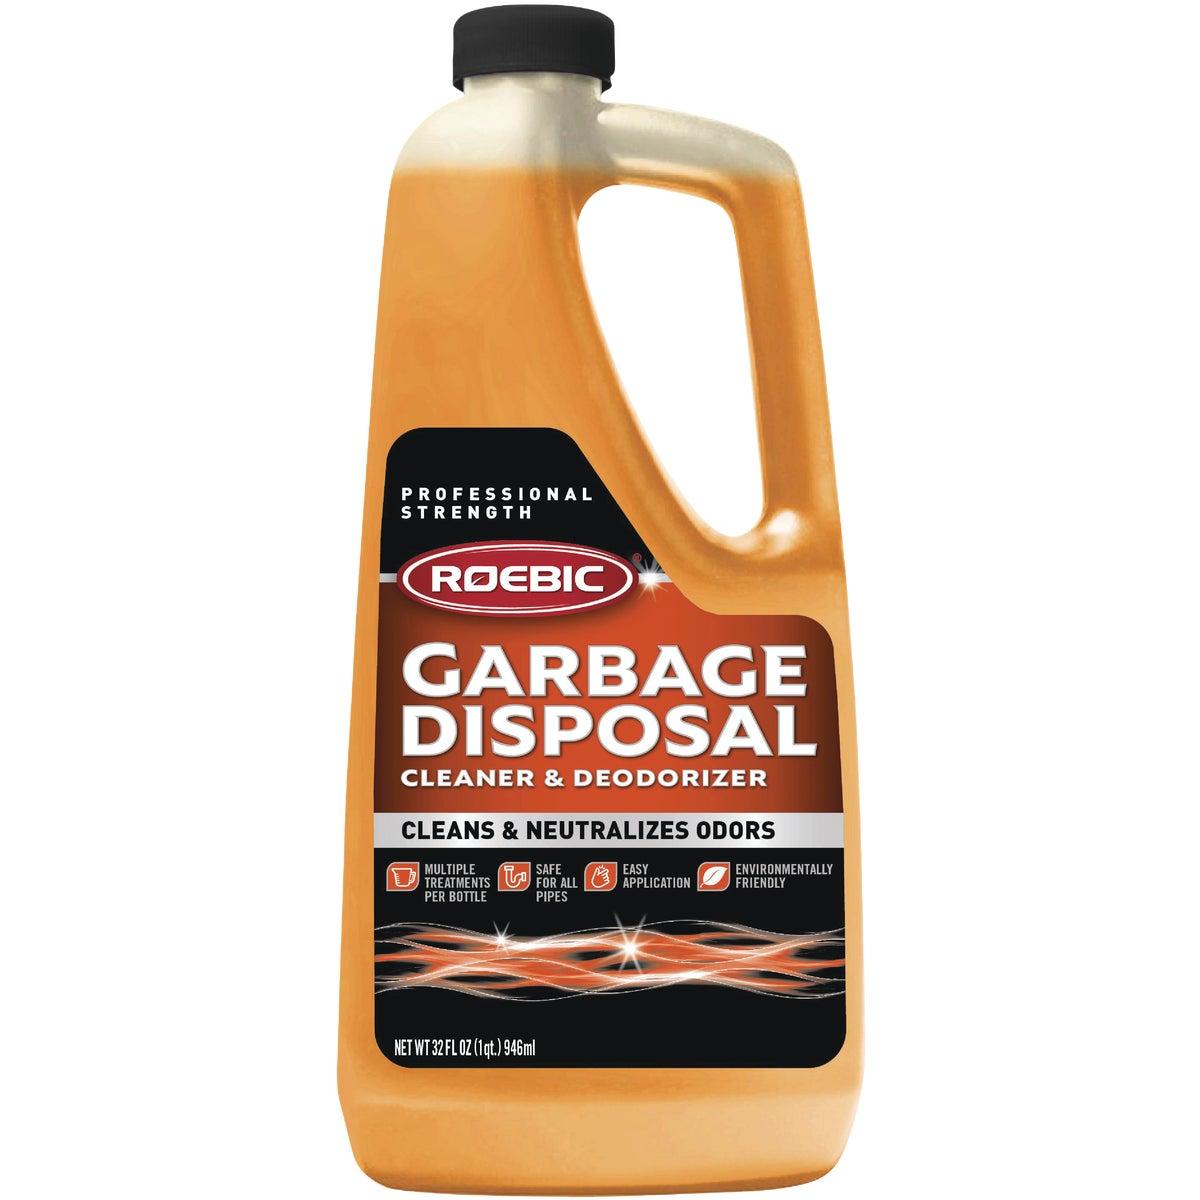 Qt Disposer Cleaner
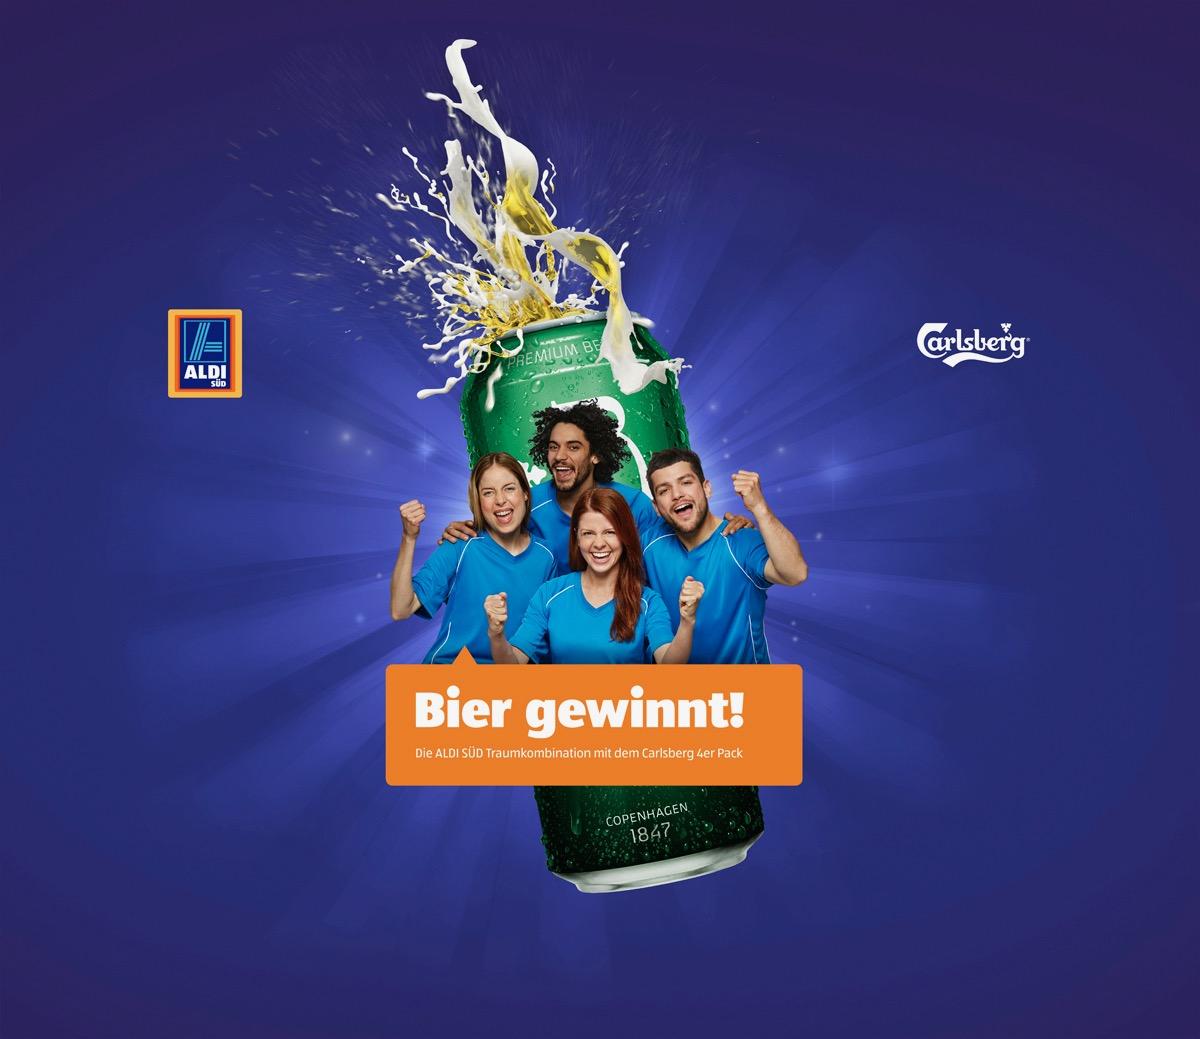 Aldi / Carlsberg
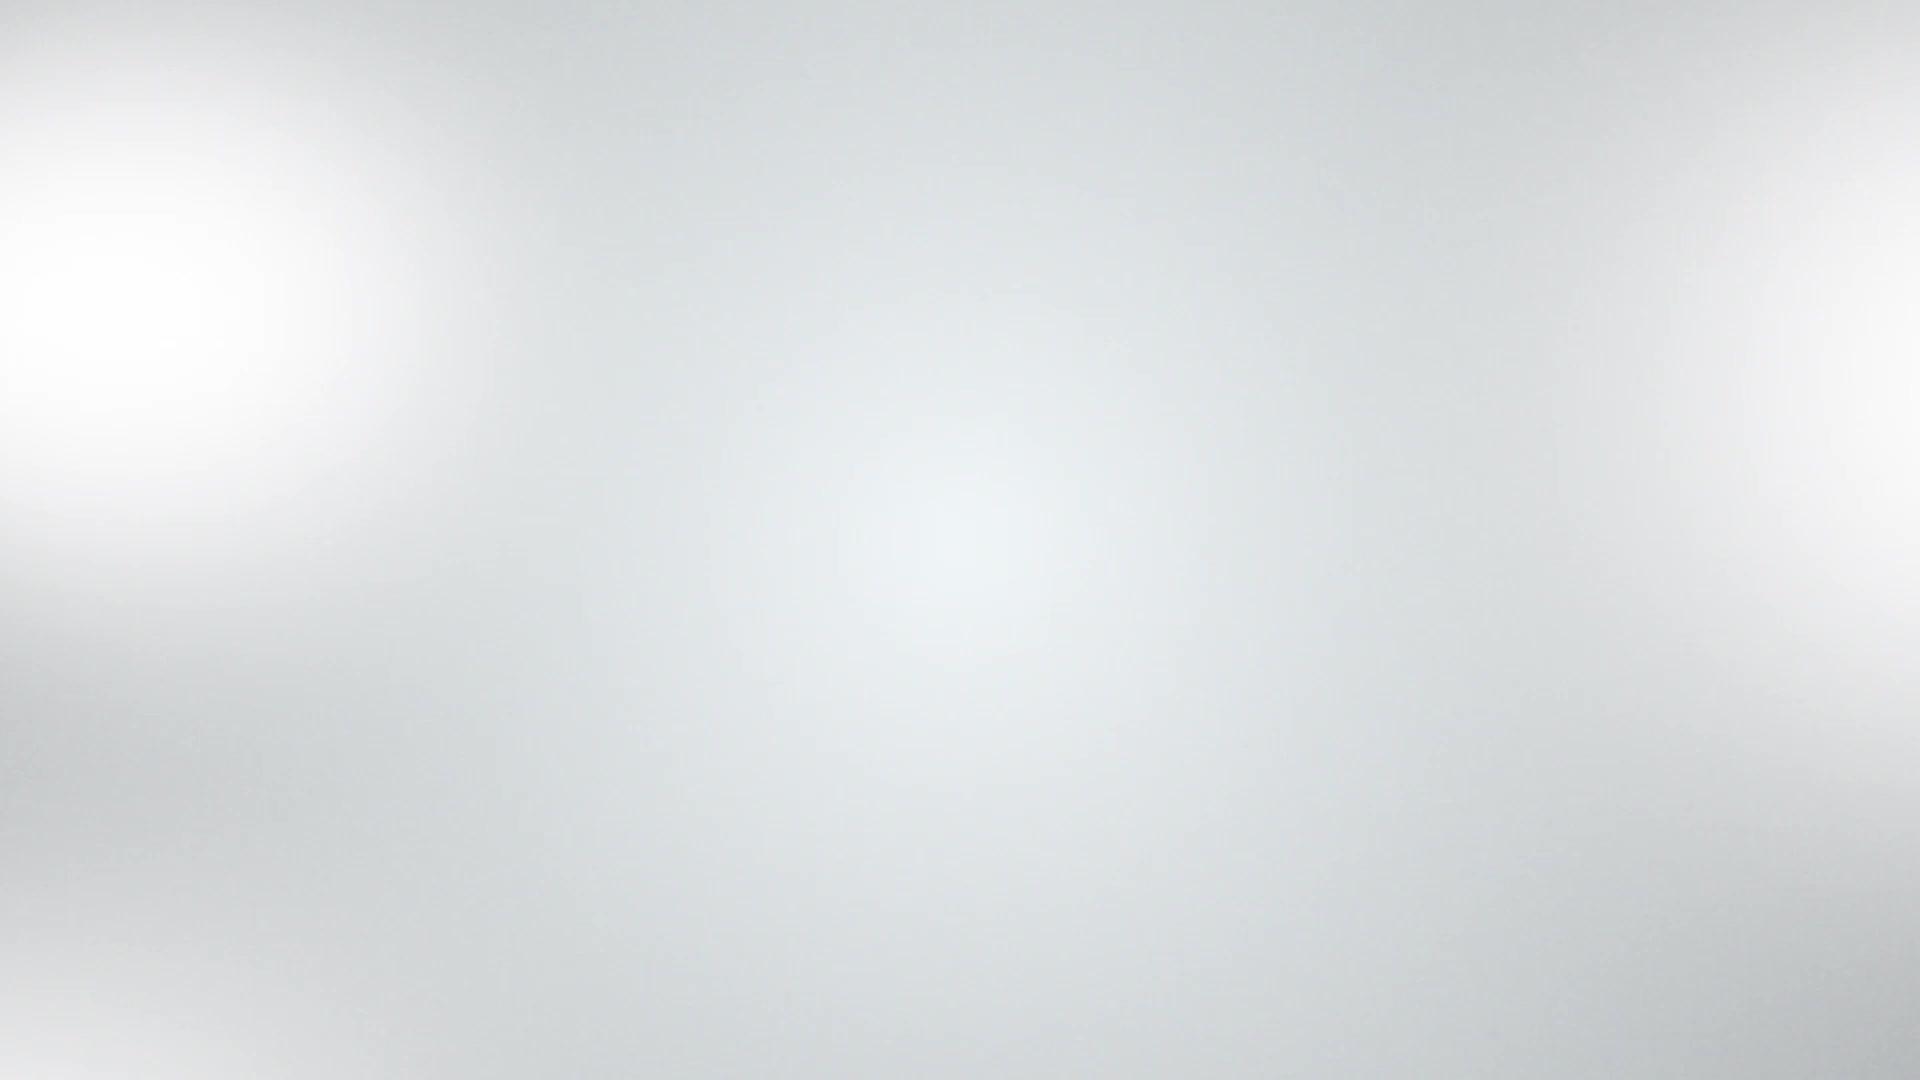 Giá tốt Bán Buôn Accuteck Bưu Chính Quy Mô Máy Tính Lcd Tempered Glass Kỹ Thuật Số Vận Chuyển Bưu Chính Quy Mô

- _Work to complete_
Print the listing again exactly, please. Keep the pictures out of it.

- _Exercise answer_
 Qt Disposer Cleaner
 Aldi / Carlsberg
 Giá tốt Bán Buôn Accuteck Bưu Chính Quy Mô Máy Tính Lcd Tempered Glass Kỹ Thuật Số Vận Chuyển Bưu Chính Quy Mô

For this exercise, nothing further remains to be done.